The paper by Victora and coworkers in this issue of International Journal of Epidemiology focuses on the interesting and controversial role of ‘catch-up’ growth with regard to long-term health outcomes in individuals born small.10 In the study by Victora et al. there are obvious short-term advantages of ‘catch-up’ growth among small-for-gestational-age (SGA) infants. There was less hospitalization for SGA children with fast growth than for those with intermediate or slow growth during infancy. This observation is of extreme importance since malnutrition in early life is a widespread health problem and promoting weight gain in infancy is standard medical practice. The impact of the problem is easy to understand knowing that approximately one-third of the world's children suffer from protein-energy malnutrition.

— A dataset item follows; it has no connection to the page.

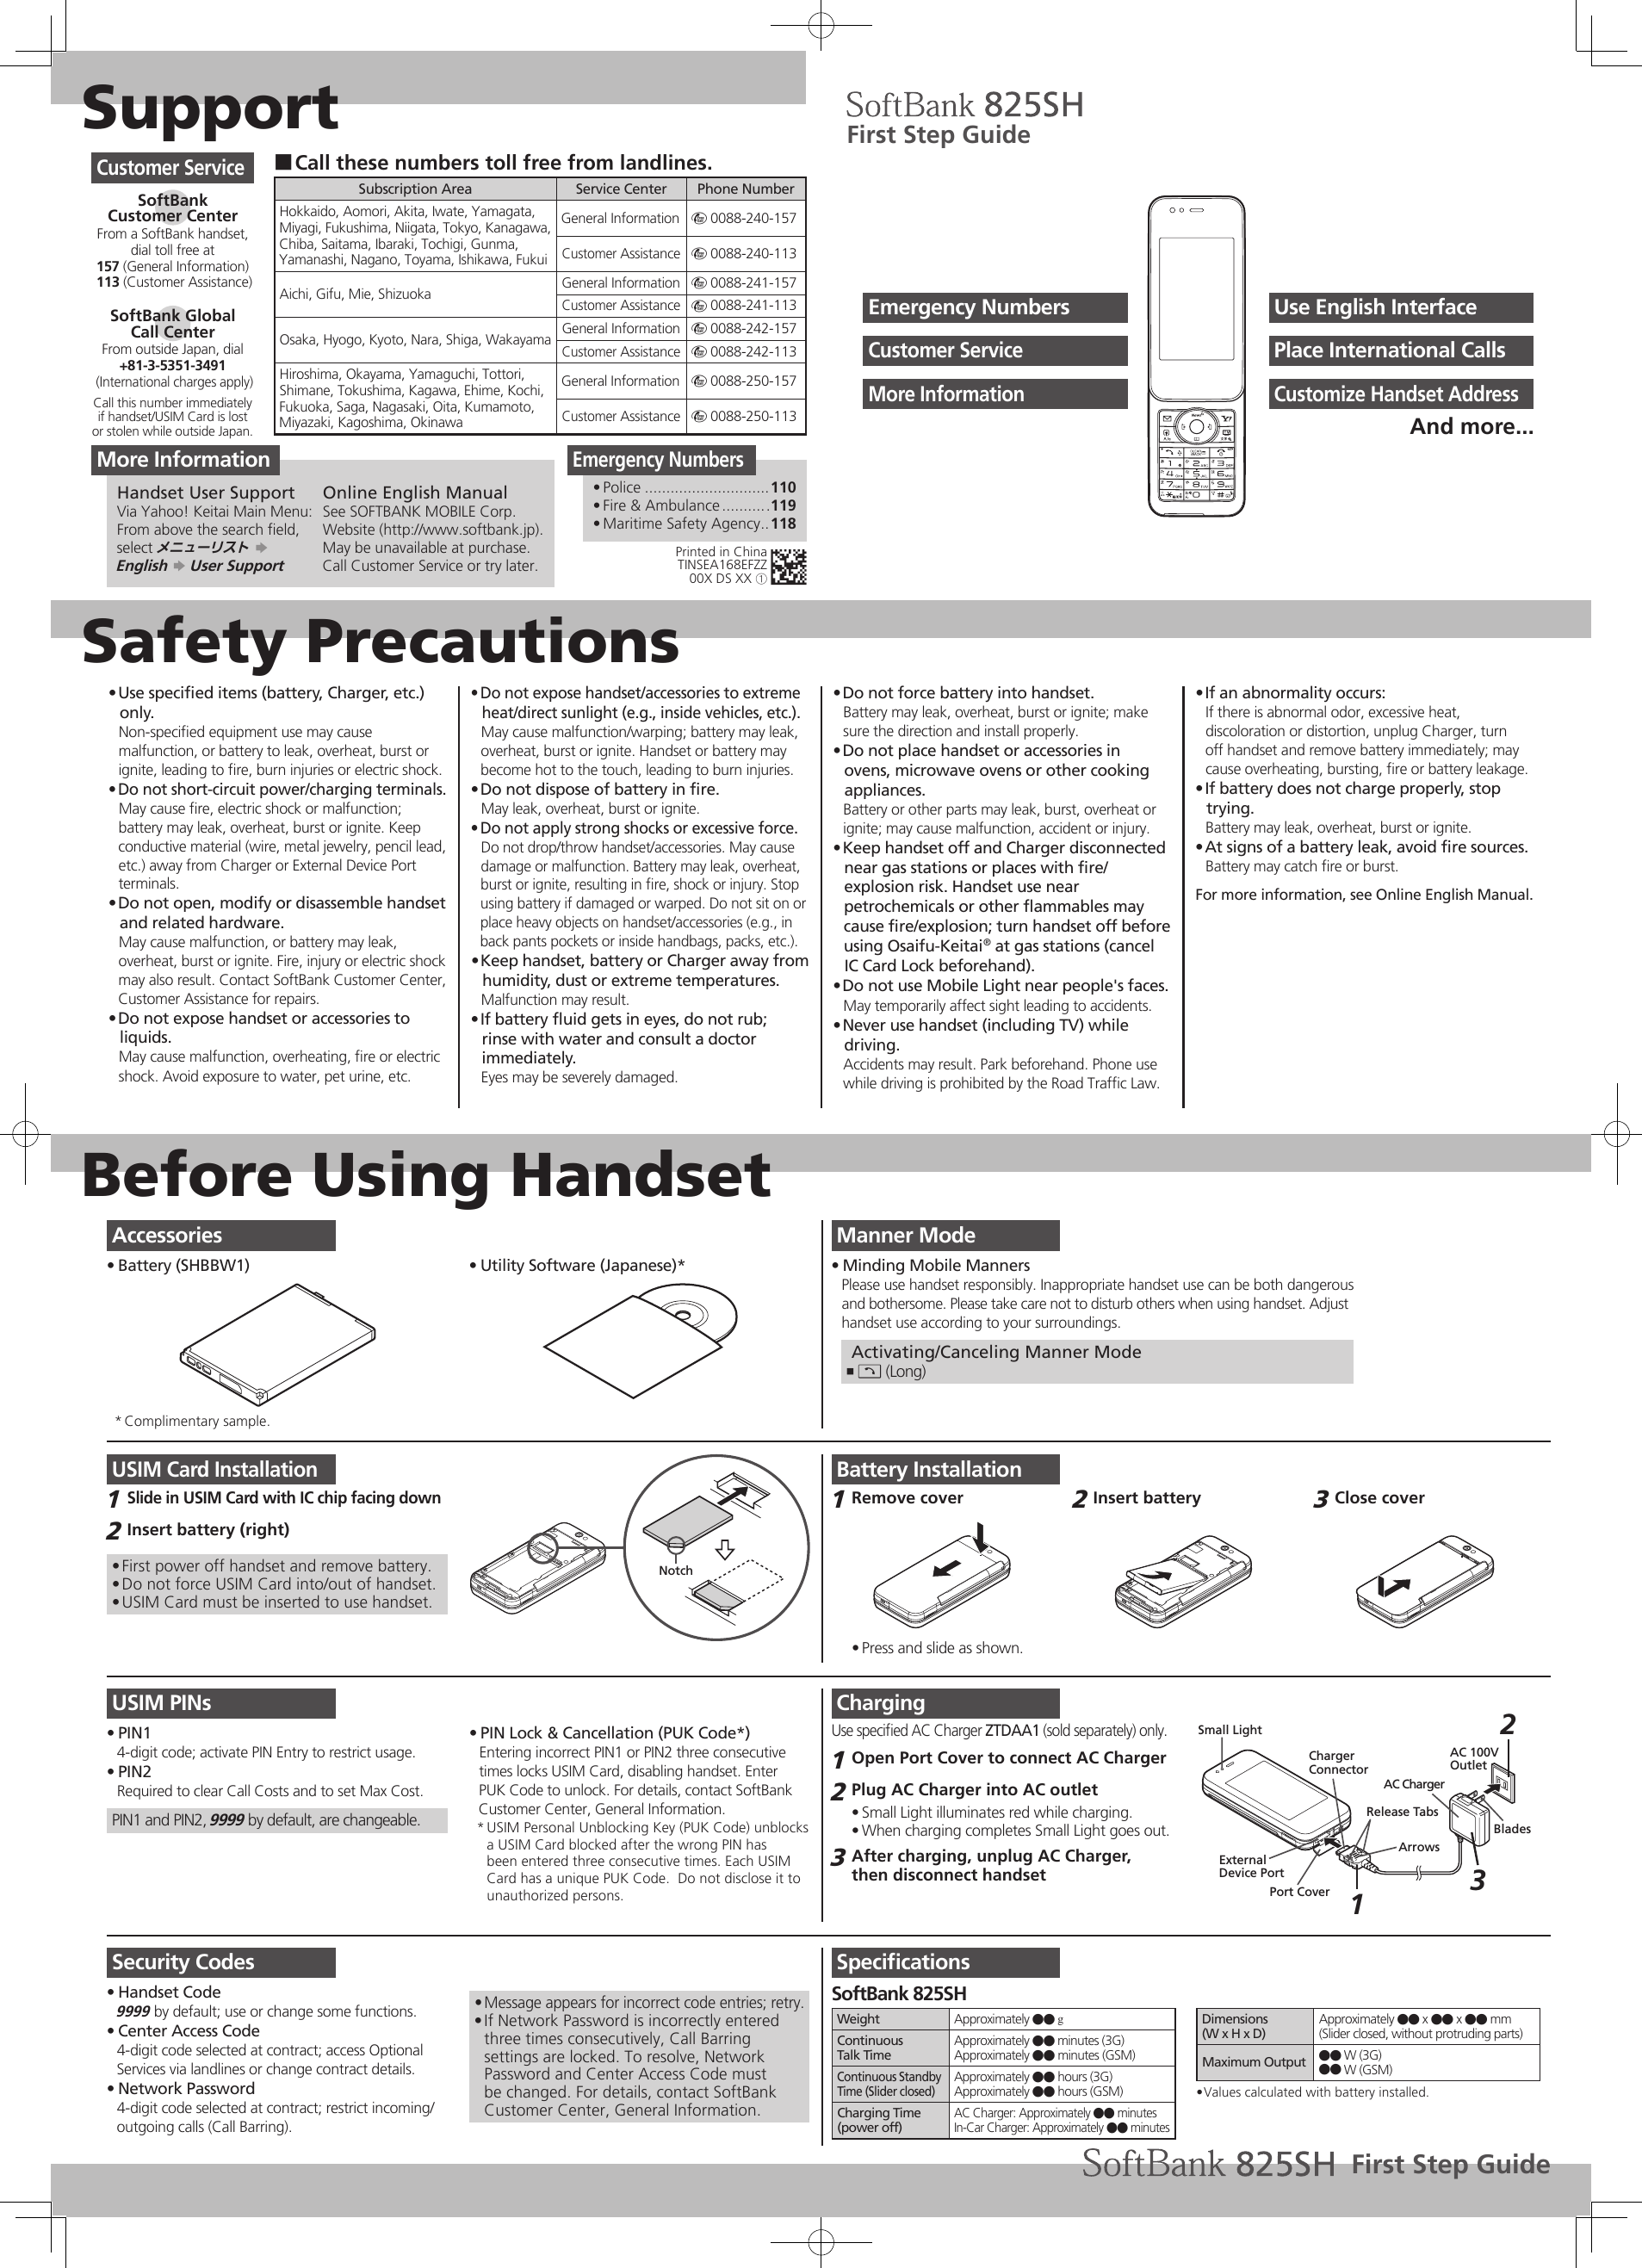 SupportSafety PrecautionsBefore Using HandsetUse speciﬁed items (battery, Charger, etc.) • only.Non-speciﬁed equipment use may cause malfunction, or battery to leak, overheat, burst or ignite, leading to ﬁre, burn injuries or electric shock.Do not short-circuit power/charging terminals.• May cause ﬁre, electric shock or malfunction; battery may leak, overheat, burst or ignite. Keep conductive material (wire, metal jewelry, pencil lead, etc.) away from Charger or External Device Port terminals.Do not open, modify or disassemble handset • and related hardware.May cause malfunction, or battery may leak, overheat, burst or ignite. Fire, injury or electric shock may also result. Contact SoftBank Customer Center, Customer Assistance for repairs.Do not expose handset or accessories to • liquids.May cause malfunction, overheating, ﬁre or electric shock. Avoid exposure to water, pet urine, etc.Do not expose handset/accessories to extreme • heat/direct sunlight (e.g., inside vehicles, etc.).May cause malfunction/warping; battery may leak, overheat, burst or ignite. Handset or battery may become hot to the touch, leading to burn injuries.Do not dispose of battery in ﬁre.• May leak, overheat, burst or ignite.Do not apply strong shocks or excessive force.• Do not drop/throw handset/accessories. May cause damage or malfunction. Battery may leak, overheat, burst or ignite, resulting in ﬁre, shock or injury. Stop using battery if damaged or warped. Do not sit on or place heavy objects on handset/accessories (e.g., in back pants pockets or inside handbags, packs, etc.).Keep handset, battery or Charger away from • humidity, dust or extreme temperatures.Malfunction may result.If battery ﬂuid gets in eyes, do not rub; • rinse with water and consult a doctor immediately.Eyes may be severely damaged.Do not force battery into handset.• Battery may leak, overheat, burst or ignite; make sure the direction and install properly.Do not place handset or accessories in • ovens, microwave ovens or other cooking appliances.Battery or other parts may leak, burst, overheat or ignite; may cause malfunction, accident or injury.Keep handset off and Charger disconnected  • near gas stations or places with ﬁre/explosion risk. Handset use near petrochemicals or other ﬂammables may cause ﬁre/explosion; turn handset off before using Osaifu-Keitai® at gas stations (cancel IC Card Lock beforehand).Do not use Mobile Light near people&apos;s faces.• May temporarily affect sight leading to accidents.Never use handset (including TV) while • driving.Accidents may result. Park beforehand. Phone use while driving is prohibited by the Road Trafﬁc Law.If an abnormality occurs:• If there is abnormal odor, excessive heat, discoloration or distortion, unplug Charger, turn off handset and remove battery immediately; may cause overheating, bursting, ﬁre or battery leakage.If battery does not charge properly, stop • trying.Battery may leak, overheat, burst or ignite.At signs of a battery leak, avoid ﬁre sources.• Battery may catch ﬁre or burst.For more information, see Online English Manual.Manner ModeMinding Mobile Manners• Please use handset responsibly. Inappropriate handset use can be both dangerousand bothersome. Please take care not to disturb others when using handset. Adjusthandset use according to your surroundings. Activating/Canceling Manner ModeI ,  (Long)USIM Card InstallationSlide in USIM Card with IC chip facing down1 Insert battery (right)2 First power off handset and remove battery.• Do not force USIM Card into/out of handset.• USIM Card must be inserted to use handset.• NotchUSIM PINsPIN1• 4-digit code; activate PIN Entry to restrict usage.PIN2• Required to clear Call Costs and to set Max Cost.PIN1 and PIN2, 9999 by default, are changeable.PIN Lock &amp; Cancellation (PUK Code*)• Entering incorrect PIN1 or PIN2 three consecutivetimes locks USIM Card, disabling handset. EnterPUK Code to unlock. For details, contact SoftBank Customer Center, General Information.USIM Personal Unblocking Key (PUK Code) unblocks * a USIM Card blocked after the wrong PIN has been entered three consecutive times. Each USIM Card has a unique PUK Code.  Do not disclose it to unauthorized persons.Security CodesHandset Code• 9999 by default; use or change some functions.Center Access Code• 4-digit code selected at contract; access Optional Services via landlines or change contract details.Network Password• 4-digit code selected at contract; restrict incoming/outgoing calls (Call Barring).Message appears for incorrect code entries; retry.• If Network Password is incorrectly entered • three times consecutively, Call Barring settings are locked. To resolve, Network Password and Center Access Code must be changed. For details, contact SoftBank Customer Center, General Information.Battery InstallationRemove cover1 Press and slide as shown.• Insert battery2 Close cover3 ChargingUse speciﬁed AC Charger ZTDAA1 (sold separately) only.Open Port Cover to connect AC Charger1 Plug AC Charger into AC outlet2 Small Light illuminates red while charging.• When charging completes Small Light goes out.• After charging, unplug AC Charger, 3 then disconnect handsetBladesAC ChargerPort CoverRelease TabsExternal Device PortArrowsSmall LightCharger ConnectorAC 100VOutlet213SpeciﬁcationsSoftBank 825SHWeight Approximately ●● gContinuousTalk TimeApproximately ●● minutes (3G)Approximately ●● minutes (GSM)Continuous Standby Time (Slider closed)Approximately ●● hours (3G)Approximately ●● hours (GSM)Charging Time(power off)AC Charger: Approximately ●● minutesIn-Car Charger: Approximately ●● minutesDimensions(W x H x D)Approximately ●● x ●● x ●● mm(Slider closed, without protruding parts)Maximum Output ●● W (3G)●● W (GSM)Values calculated with battery installed.• Call these numbers toll free from landlines. ■Subscription Area Service Center Phone NumberHokkaido, Aomori, Akita, Iwate, Yamagata, Miyagi, Fukushima, Niigata, Tokyo, Kanagawa, Chiba, Saitama, Ibaraki, Tochigi, Gunma, Yamanashi, Nagano, Toyama, Ishikawa, FukuiGeneral Information m 0088-240-157Customer Assistance m 0088-240-113Aichi, Gifu, Mie, Shizuoka General Information m 0088-241-157Customer Assistance m 0088-241-113Osaka, Hyogo, Kyoto, Nara, Shiga, Wakayama General Information m 0088-242-157Customer Assistance m 0088-242-113Hiroshima, Okayama, Yamaguchi, Tottori, Shimane, Tokushima, Kagawa, Ehime, Kochi, Fukuoka, Saga, Nagasaki, Oita, Kumamoto, Miyazaki, Kagoshima, OkinawaGeneral Information m 0088-250-157Customer Assistance m 0088-250-113Customer ServiceSoftBank  Customer CenterFrom a SoftBank handset, dial toll free at157 (General Information) 113 (Customer Assistance)SoftBank Global  Call CenterFrom outside Japan, dial+81-3-5351-3491 (International charges apply)Call this number immediatelyif handset/USIM Card is lostor stolen while outside Japan.Emergency NumbersPolice•   .............................110Fire &amp; Ambulance•   ...........119Maritime Safety Agency•   ..118First Step GuideUse English InterfaceEmergency NumbersPlace International CallsCustomer ServiceCustomize Handset AddressMore InformationAnd more...AccessoriesBattery (SHBBW1)•  Utility Software (Japanese)*• Complimentary sample.* Printed in ChinaTINSEA168EFZZ00X DS XX ①More InformationHandset User SupportVia Yahoo! Keitai Main Menu:From above the search ﬁeld, select メニューリスト S  English S User SupportOnline English ManualSee SOFTBANK MOBILE Corp. Website (http://www.softbank.jp).May be unavailable at purchase. Call Customer Service or try later.First Step Guide

The early patterns of growth that predispose to adult diseases are complex. Previous studies have shown that ‘catch-up’ growth might well have detrimental long-term consequences. The reason for this is however not known. Those studies showing a negative effect of rapid childhood growth have focused mainly on growth from 7 years onwards.5–7

The importance of distinguishing between early and late ‘catch-up’ growth is nicely stressed by Victora et al.10 Early ‘catch-up’ growth appears to be beneficial based upon the Brazilian study. In line with this, rapid weight gain in infancy reduced later CHD risk among Finnish men thus supporting the notion of long-term positive health benefits of early ‘catch-up’ growth.8

Many previous studies have not been able to distinguish between early and late ‘catch-up’ in growth—probably the main underlying cause of the controversy regarding long-term effects of ‘catch-up’ growth. The most unfavourable growth pattern seems to be small body size or thinness at birth, continued slow growth in early childhood/infancy and thereafter acceleration in growth. The present findings add to the evidence that protection of fetal and infant growth is a key area in strategies for the prevention of many non-communicable adult diseases.

It is easy to agree with the authors that early catch-up growth is beneficial but the other side of the coin is obesity in childhood and later life.10 Those most vulnerable seem to be those with fast growth in childhood. Further health benefits will therefore come from preventing rapid increase in weight after infancy.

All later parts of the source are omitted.